Dartmouth Events

Abstract: Compact objects, such as black holes and neutron stars, are known to be surrounded by dense clouds of particles, including but not limited to photons, various plasmas, and potentially dark matter and gravitons. These environments are of immense research interest, not only for the purpose of understanding the compact objects they surround, but also in the search to identify new particles, especially dark matter. However, certain particle physics calculations are well developed in flat spacetime but intractable in curved spacetime. In this thesis, I present a formalism by which some of these calculations may be made tractable within a perturbative series. The formalism works by constructing small patches of locally flat spacetime, through which a particle travels; as a particle goes from one patch to another, the effective Lagrangian receives corrections for each patch.

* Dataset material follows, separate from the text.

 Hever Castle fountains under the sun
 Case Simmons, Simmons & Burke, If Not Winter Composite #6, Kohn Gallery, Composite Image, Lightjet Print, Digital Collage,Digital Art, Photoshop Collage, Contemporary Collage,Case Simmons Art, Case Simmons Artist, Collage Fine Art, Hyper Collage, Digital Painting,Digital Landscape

One application for this that we explore is particle mixing, a phenomenon whereby one species of particle can oscillate into another species. Specifically examining bosonic Primakoff mixing, where mixing is driven by a background field, we find that, as a boson travels through curved spacetime, its mixing angles may change as a function of the number of patches through which it travels. Calculations of mixing in the vicinity of a compact object must account for these curvature corrections.

This thesis also explores another topic in the area of particle behavior around a compact object, namely that of axion lasers produced by superradiance. Superradiance, a phenomenon through which energy and angular momentum may be extracted from a rotating black hole, can generate dense clouds of axions, which can then decay into photons; the number of photons produced by this decay can stimulate further decay, creating a laser. This laser is powerful enough that the Schwinger effect may become significant, producing an electron-positron plasma, which has the effect of slowing axion decay by imparting photons with an effective mass. In a simplified model, we find, depending on the system’s parameters, that the equilibrium state of this laser may be mildly enhanced, or it may become unable to reach equilibrium, with the axion cloud continuing to grow superradiantly.

PhD Thesis Advisor: Professor Deven Walker